Overallocation of IPs has to do with AWS CNI’s behavior under the default settings, which has WARM_ENI_TARGET=1
and WARM_IP_TARGET/MINIMUM_IP_TARGET
unset:
- Whenever ipamd sees that the number of “available” IP addresses (allocated minus assigned) is less than WARM_ENI_TARGET × (IPs per ENI), it will attempt to allocate more.
- Allocating more IPs – if none of the existing ENIs have room – will attempt to allocate an ENI’s worth of IP addresses [1, 2, 3], specifically by the code block below:
- Releasing IPs is desired when the number of “available” IP addresses is more than (WARM_ENI_TARGET + 1) × (IPs per ENI) — e.g., if an ENI’s worth of IPs could be removed without falling below the target.
- However, releasing IPs can only happen when there’s an ENI with no assigned IPs, because this configuration limits removal to happen only at the ENI level.
- Critically, IP assignment to Pods randomly picks among all ENIs (because ENIs are stored in a hashmap, and in Go, hashmap iteration order is random!)
The target for available IPs means that ipamd must allocate 50-100 IP addresses above what’s needed by Pods (50 IPs per ENI for the m6id.metal instance type).

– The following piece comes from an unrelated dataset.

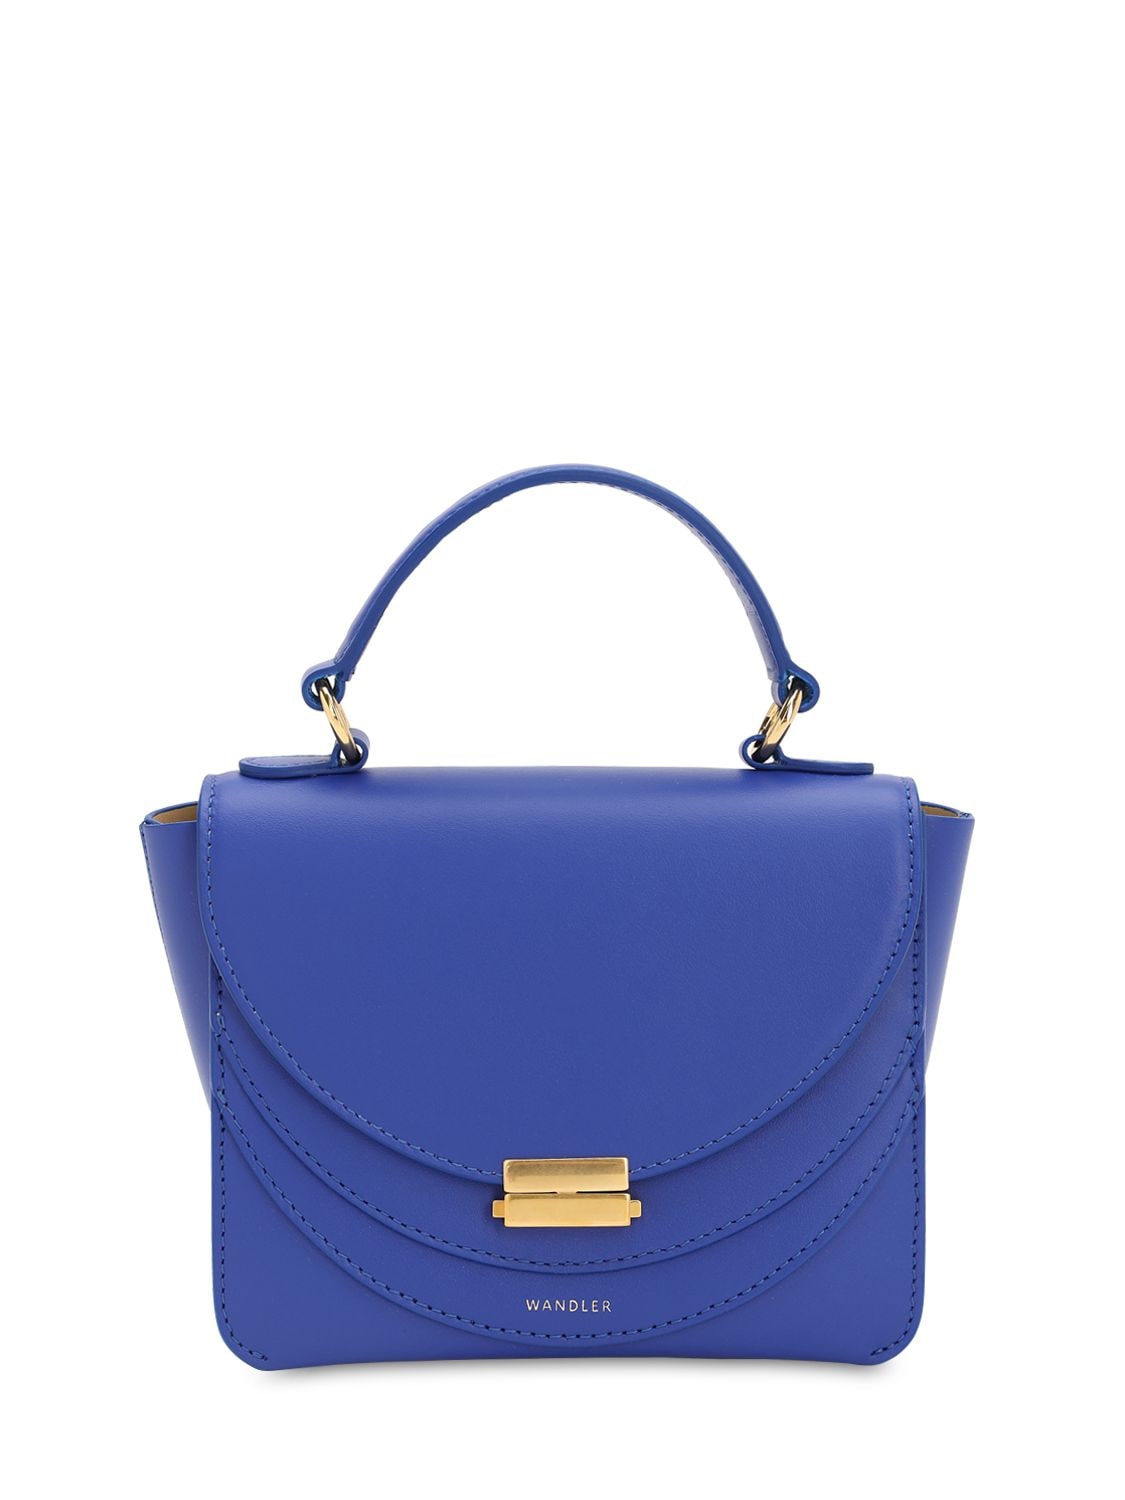 Wandler Mini Luna Smooth Leather Bag In Royal Blue
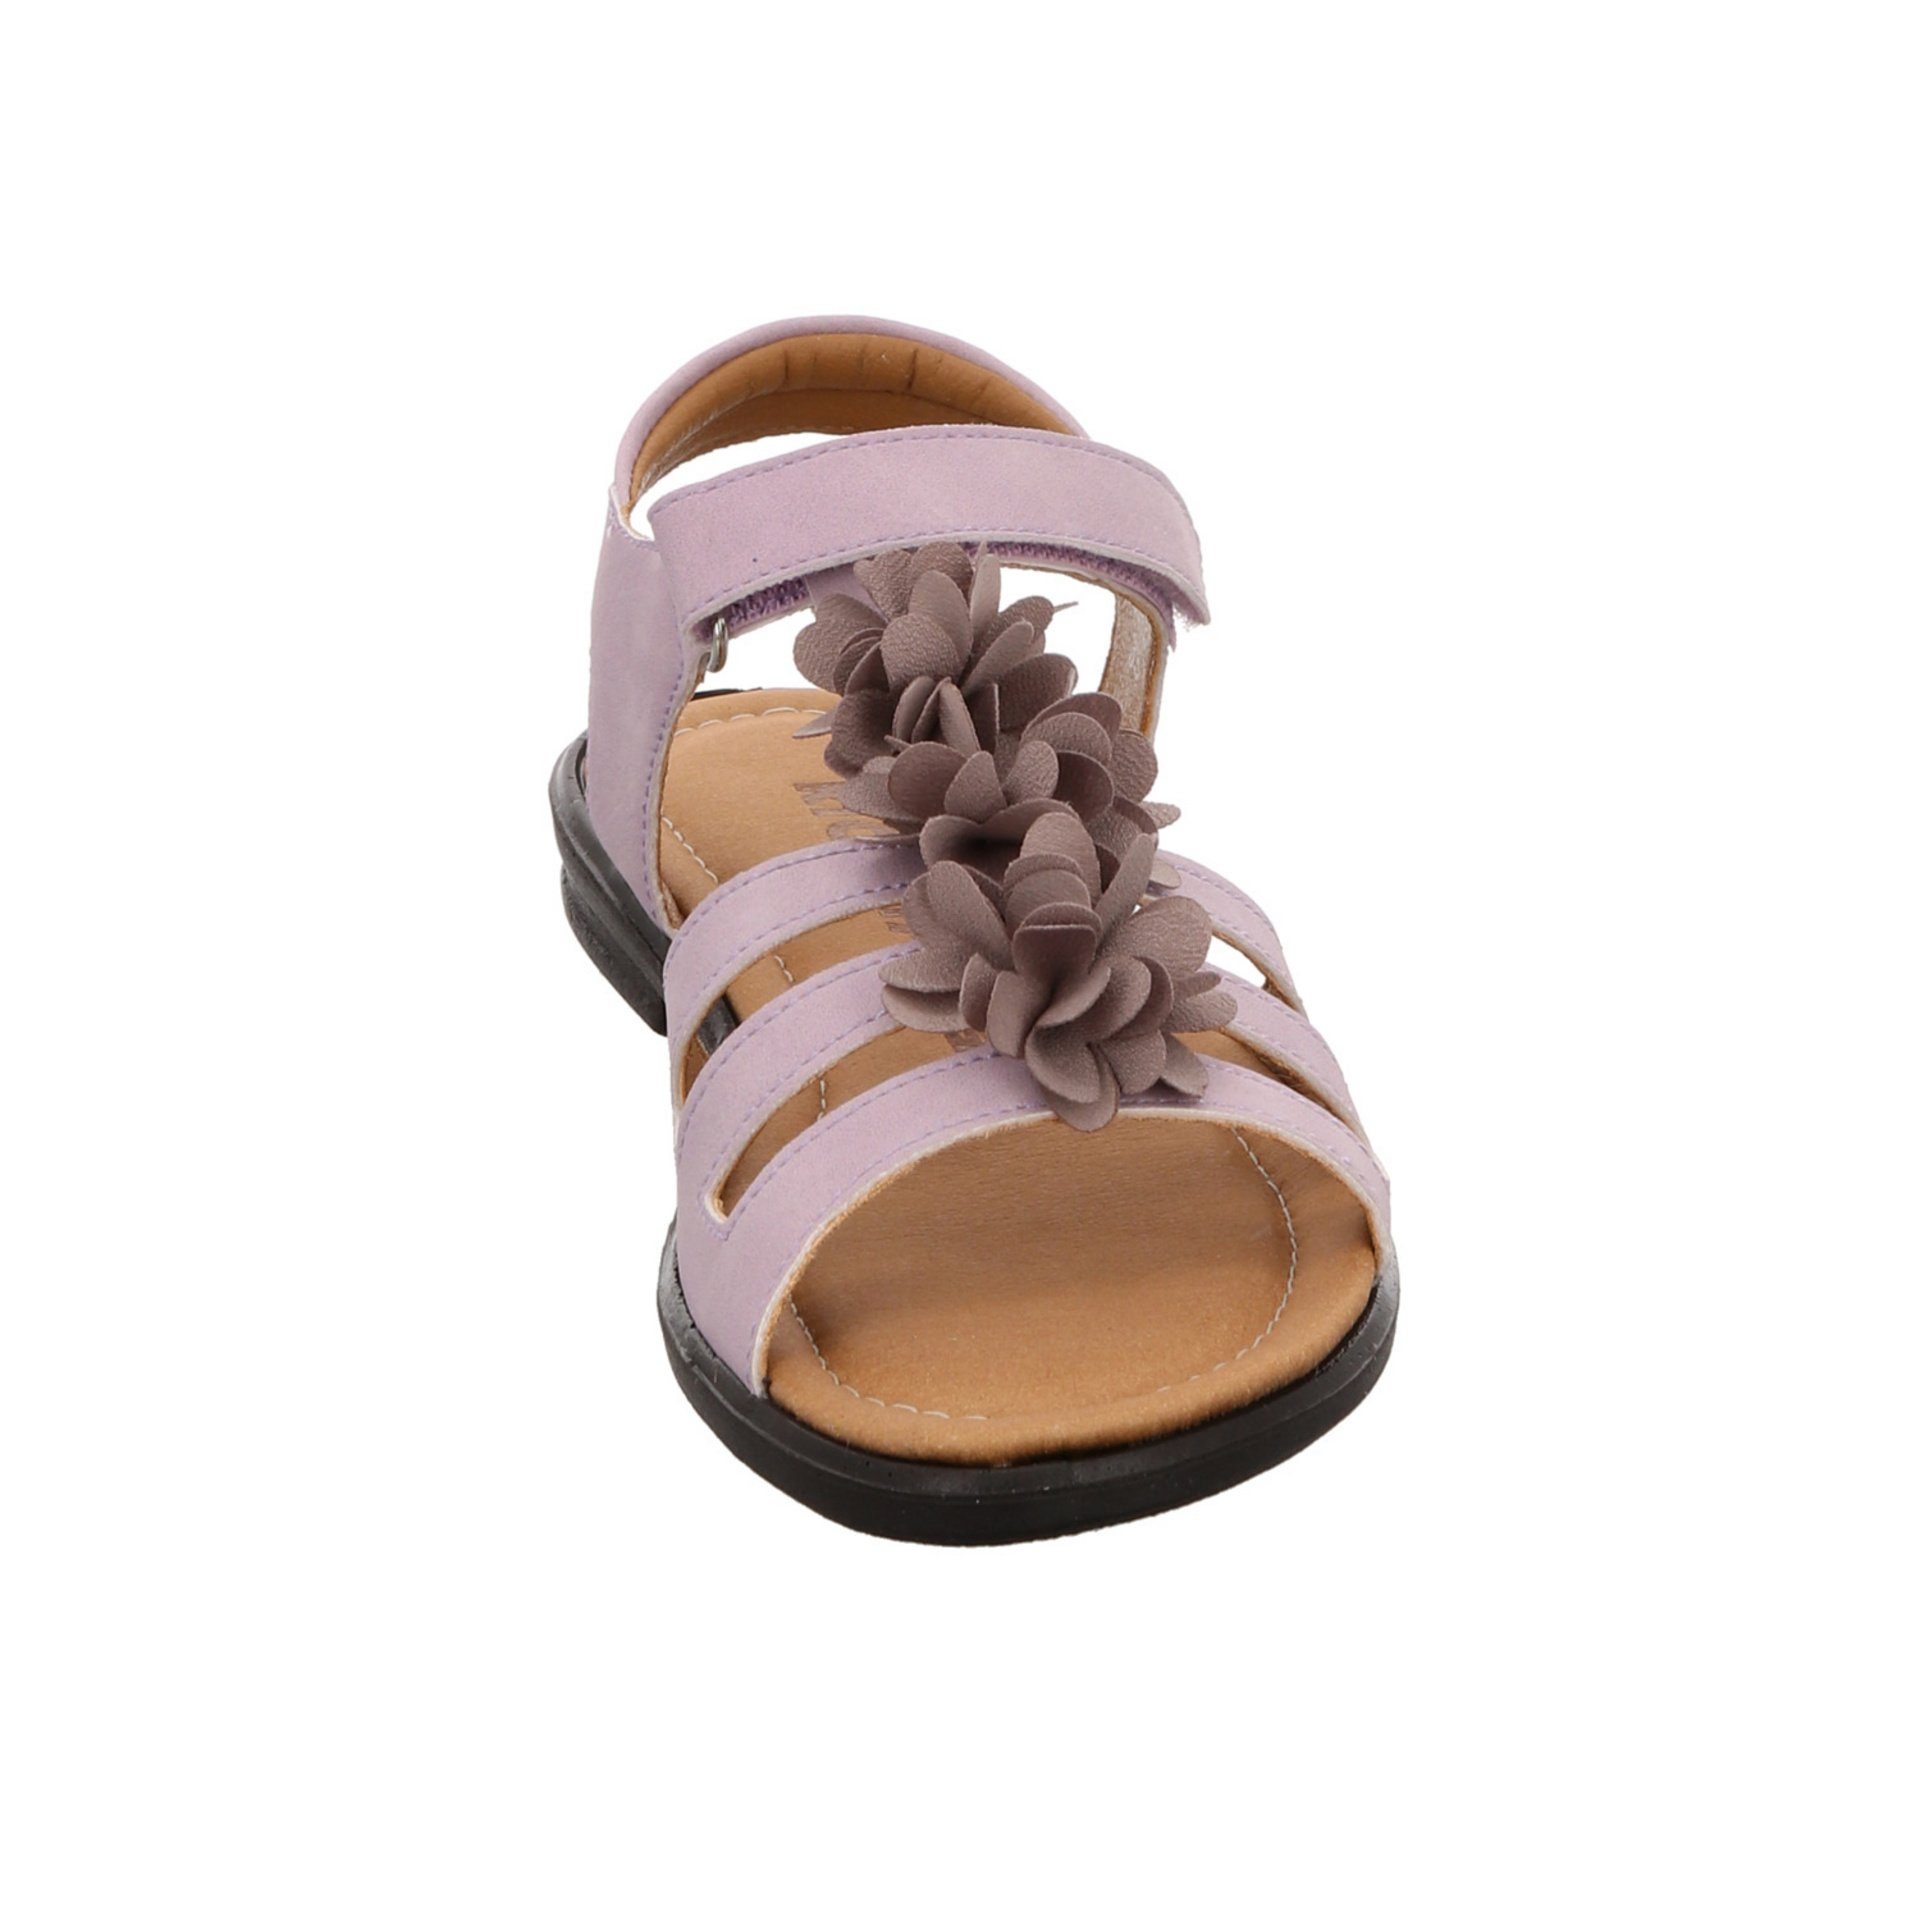 Schuhe Ricosta Aurora Sandale Sandale Synthetik hell rot+lila Sandalen Mädchen

Because we have a stable rate of incoming Pods in our cluster, the random distribution of Pods onto ENIs keeps all ENIs in use, once added we never free IP addresses back to the subnet.
We were surprised to find this, so we have opened a PR to AWS CNI to improve ipamd’s behavior under these circumstances.
As an example of just how severe this can be, consider a node that very occasionally peaks up to 400 active Pods, but normally has enough large workloads that it only has the CPU / memory capacity to support 200 active Pods. We might see a sequence of events such as the following:
- A burst of Pod starts causes the node to have 400 active pods, with no available IPs left
- ipamd sees that the number of “available” IPs is low, and allocates more (with a new ENI) from the VPC subnet, aiming to always maintain at least 50 available (extra) IPs
- As older Pods on the node are removed, their IP addresses are kept in cooldown for 30s before they can be reused – so IP addresses on the new ENIs must be used for new Pod starts during this period
- After the load subsides, the random distribution of Pods onto ENIs results in a high probability of having at least one Pod per ENI, causing all 50 IPs per ENI to remain allocated to the node (remember: the entire ENI must be unused to remove any of the IPs.)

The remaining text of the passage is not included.